Example Optimization Opportunities

## Optimization Opportunities

| Resource | Current Config | Recommended | Expected Improvement | Evidence |
|----------|---------------|-------------|---------------------|----------|
| Lambda (api-handler) | 128 MB memory | 512 MB memory | ~60% reduction in duration | functions.ts:23 |
| RDS PostgreSQL | No connection pooling | RDS Proxy | ~40% reduction in connection overhead | database.tf:45 |
| API responses | No compression | gzip enabled on CloudFront | ~70% reduction in transfer size | cloudfront.tf:12 |
| DynamoDB reads | No caching | DAX cluster | Sub-millisecond read latency | dynamo.tf:67 |
| Lambda init | SDK client in handler | SDK client at module scope | ~200ms cold start reduction | handler.ts:5 |

Performance Trade-off Awareness

Performance optimizations often involve trade-offs with cost, complexity, or consistency.

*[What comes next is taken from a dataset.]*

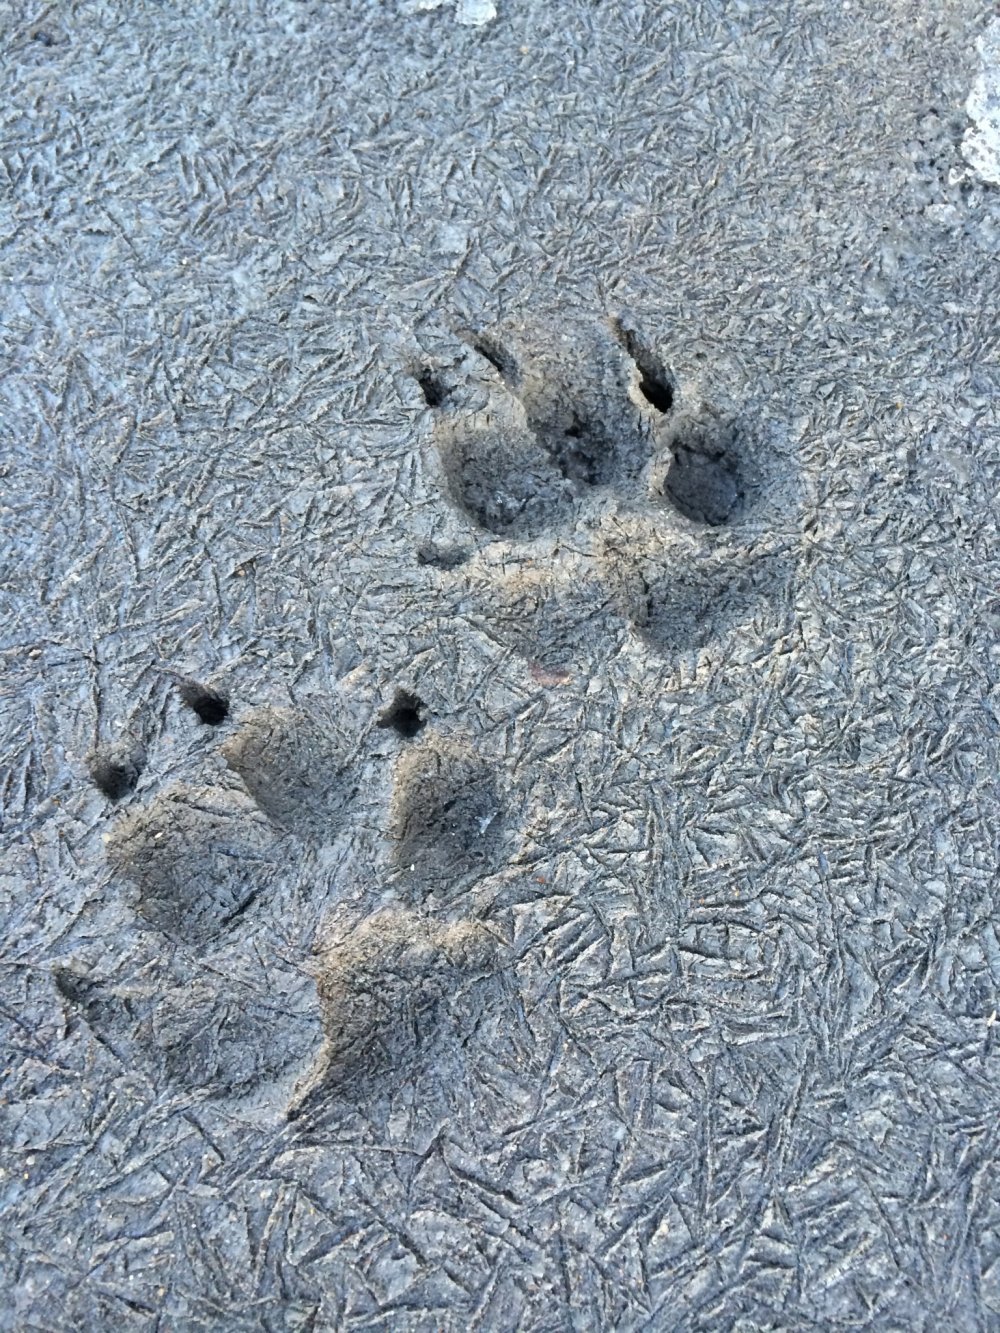 Mungkin seekor anjing sedang berjalan-jalan di hari yang dingin. Kita dapat mengetahui dari jejak kakinya karena tidak ada salju di tanah!
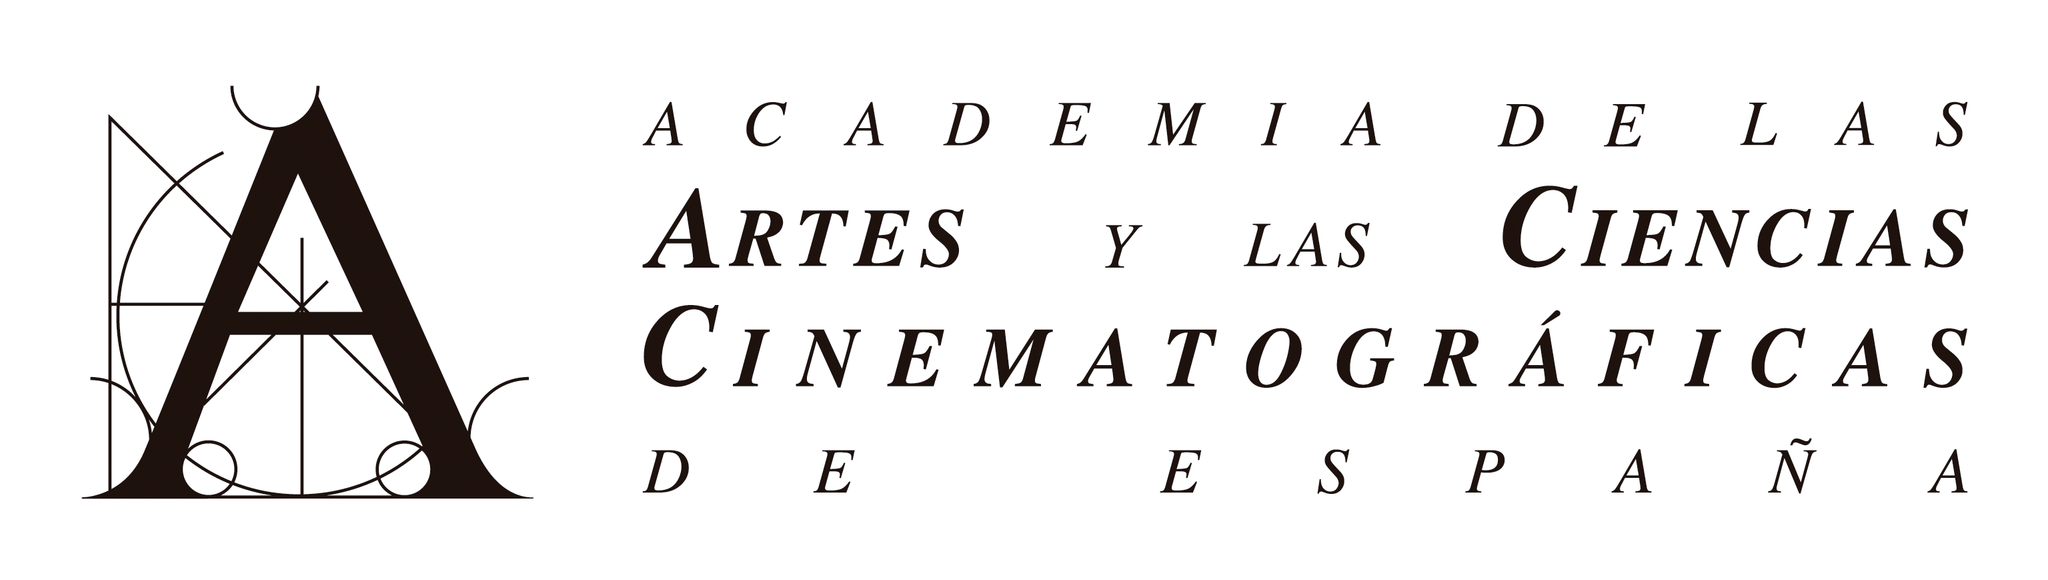 Academia de las artes y las ciencias cinematográficas de España

The agent explicitly notes these trade-offs for every recommendation. For example, enabling DAX for DynamoDB adds cost and operational overhead — the agent will estimate the latency benefit alongside the cost increase so you can make an informed decision.
Common trade-offs the agent surfaces:
OptimizationPerformance GainTrade-off
Caching (ElastiCache/DAX)Lower read latencyAdded cost, eventual consistency, cache invalidation complexity
Async processing (SQS)Higher write throughputIncreased latency for consumers, eventual consistency
Provisioned concurrencyEliminated Lambda cold startsHigher Lambda cost (charged even when idle)
Read replicasDistributed read loadReplication lag, additional cost
gp3 over gp2 EBSSame or better IOPS baselineMinimal — gp3 is also cheaper

Benchmark Results

Evaluated with Claude Opus 4.8, 16K output tokens, paired comparison (same prompt with and without skill):
BaselineWith SkillDelta
90%100%+10%
The skill brings a strong baseline model to 100% on behavioral assertions covering resource selection analysis, caching coverage, scaling configuration depth, and estimated performance improvements.